For a £100 more you can double the capacity - great for people like me who's 32GB iPhone 4 is full to capacity.
What you lose on the high end you gain at the bottom. My iPhone 4 will be put up for sale and because Apple haven't discounted it, I'd expect to get about £450 - not bad for a phone that cost £599 nearly 18 months ago - how many other handsets retain 75% of their retail value after 18 months?
Certainly softens the blow of the upgrade.
Oh and remember this...YOU DONT HAVE TO BUY IT!!!!
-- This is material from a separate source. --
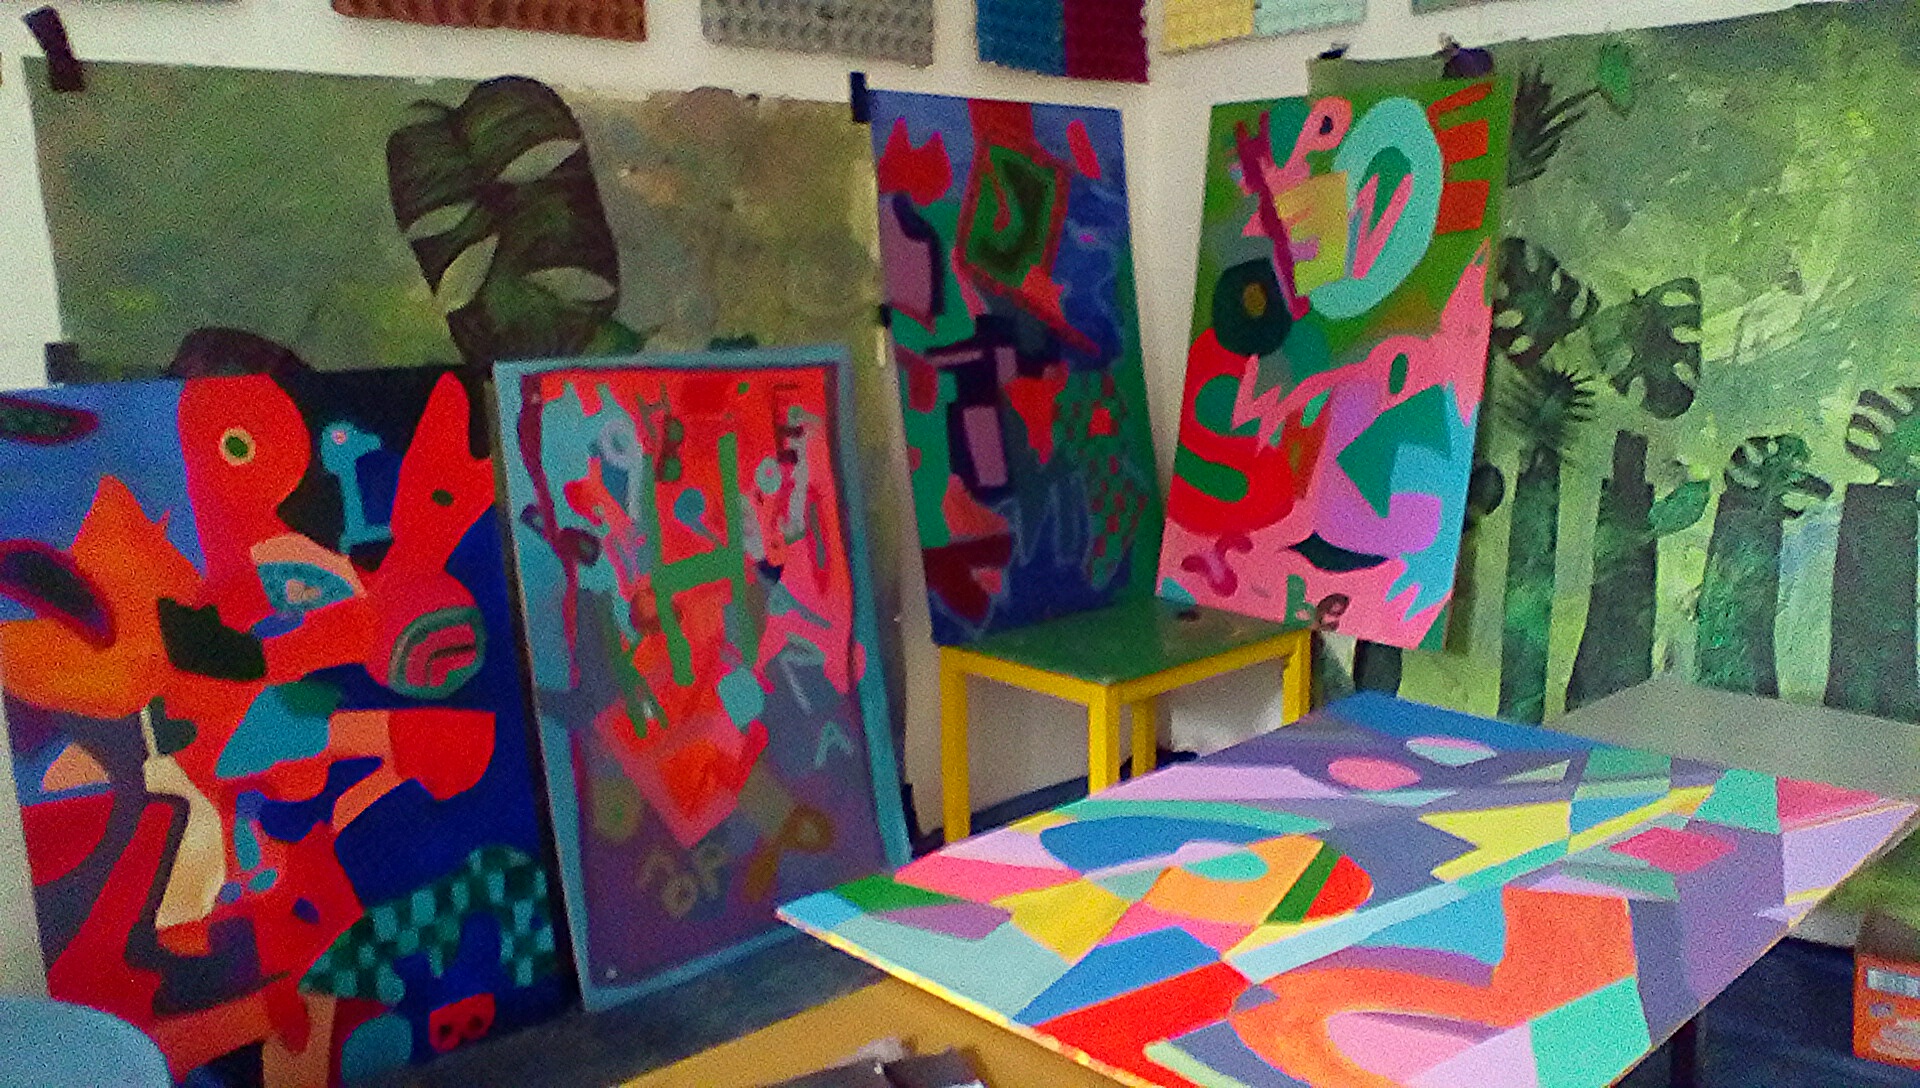 Colourful, large-scale paintings at The Children's Art School Holmfirth

If it's too expensive or not enough of an upgrade to justify the fee, don't do it. Plenty of other fab phones out there, or your existing iPhone 4 will work just as great as it did before and will seem like a new phone when you update to IOS5 anyway.
The iPhone is the most expensive smartphone you can get, but I use mine to run a Filemaker Pro customer database on the move, read emails, surf the web, give me directions, listen to music, watch SKY TV, play Fifa 11, take photo's & video's and then show them on my TV at home.
So it's quite a special 'phone' and one that does what it does like no other - not worth it for some - indispensable for others (try running Filemaker or watching Sky Sports on an Android handset - oh that right...you can't!).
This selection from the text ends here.